WAYF is 'data processor' on behalf of the institution where you log in.
WAYF does not store any personally identifiable data about users.
A user may ask WAYF to store information about his consent to data exchange for one or more services. This information is kept in an encrypted form which cannot, in any way, be made human readable (one-way destructive encryption, so-called 'hash-values').
When you log into a service via WAYF, the information about you released from your institution may be re-used for up to eight hours (a working day), provided you do not close your browser. This re-use of data enables 'single sign-on', meaning you will not have to log in for every service when you try to access the same or other WAYF-enabled services.
- With a consent you yourself decide whether you want to let WAYF send the information to the information services.
- Your consent applies to one visit only at the service you are trying to access—however:
- You may let WAYF remember which services you have consented for the data exchange for. That way you do not need to consent next time you visit the same service.

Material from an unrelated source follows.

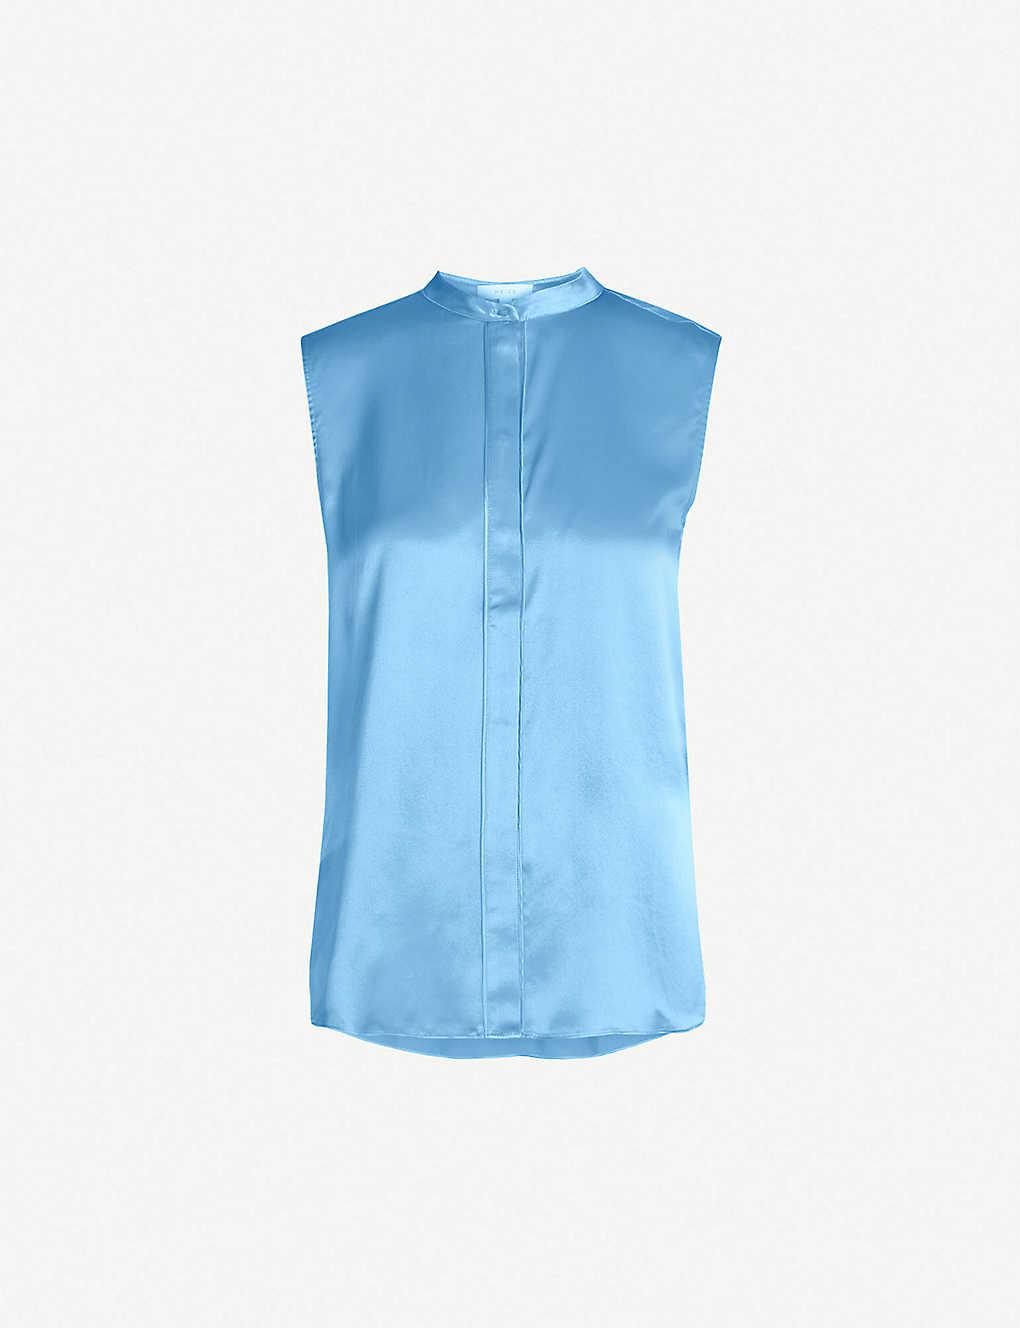 c6b334eaa22bf4 REISS - Lila silk-satin covered-placket top | Selfridges.com

No personally identifiable information is stored at WAYF.
WAYF provides a consents administration web page where users may manage their consents. When you click on the link you will be asked where you come from. Please log in, in order to provide WAYF with your updated personal information from your institution. In the web page you may withdraw prior consents or consent to prior data exchange to services. Each service's purpose is described, and the data that will actually be transferred to it are described, so you can decide if you want to transfer this information in the future. If your personal information changes (i.e. change of name), you will be asked to consent again, as all consents are specific for the data presented about you.
WAYF creates attributtes
For security reasons are the following attritbutes generated by WAYF:
- SchackHomeOrganisation - the domain name of your institution. This is set by WAYF and not by the institution itself to prevent spoofing (when someone impersonates another person or institution). As WAYF always knows from where the information originates, and has no (economical) interests in any access control rules at the services, WAYF is authoritative of this attritbute.
- User pseudonyms - see below.
A pseudonym is a 'mask' you may wear to get recognised—without being identified.
If you want to be recognised in the electronic world, without revealing your indentity you should use pseudonyms. A pseudonym for the author of this text (David Simonsen) is 'WAYF-DK-8ee5f9ce8db1bff7eb6cd392c39fb6de24938b41'.
If your employer or educational institution has bought general access to a database, collaboration tool or similar, there is no reason for the service to know the identities of individual users. For the service to grant access it suffices to know which institution a given user is affiliated with. Pseudonyms are personal and may therefore be used to personalise web pages or let users continue where they left off last time they used the service. All the service needs to know is that the present user is the same user as last time—not who the user is.
Many aspects of our daily life is lived on the net: we shop, communicate, have hobbies etc. The business of web based targeted commercials has grown fast and is getting increasingly sophisticated by the use of data mining, pattern search for behaviour etc. A new economy has risen in the shade of the many web based services which now exchange 'experience'—often for money. One way of protecting the users (consumers) agains cross-service analysis, and thereby protecting the users' privacy, is to use pseudonyms in the electronic world. Why should your travels agent or insurance company know your preferences for food, medication, underwear etc.?
Pseudonyms must live up the following three requirements:
- a given user's pseudonym must be the same from time to time, to make her recognisable;
- different services (ie. web sites) must receive different pseudonyms (service specific) to prevent cross-service data mining;
- it must be technically possible, but really hard, to find the person behind the pseudonym (which by definition is not possible for anonymous persons).
When logging into a website using the eID federation WAYF, predefined personal information is transferred from the user's home institution, via WAYF, to the service. WAYF has a secret formula for calculating personal, service specific pseudonyms. In the formula the name of the service appears (to make the pseudonym service specific) as well as the name of the user (to make it personal).
When the user is being recognised by the service it may now personalise the interface and/or functions—without knowing the identity of the user.
If a serious abuse case occurs (being investigated by the police or similar), the service will only know the pseudonym of the user, not her identity. WAYF does not store any personal information and may therefore only contribute to the investigation with the secret formula for the pseudonyms.
Equipped with the pseudonym of the abuser and the secret formula, the recalculation of pseudonyms for all users in all user databases connected to WAYF may begin. When a match is found the identity of the abuser can be revealed.
With this three-party pseudonymisation (user data, formula, and result) users can feel absolutely safe that the pseudonyms are only used for recognition purposes—not for identification. With WAYF a trusted third party, generating the pseudonyms, it is impossible to data mine across services. Also, services cannot query the users' identities at their home institutions, as the formula is only known to the trusted third party.
Around 800,000 Danish electronic identities can already take advantage of WAYF-generated pseudonyms today.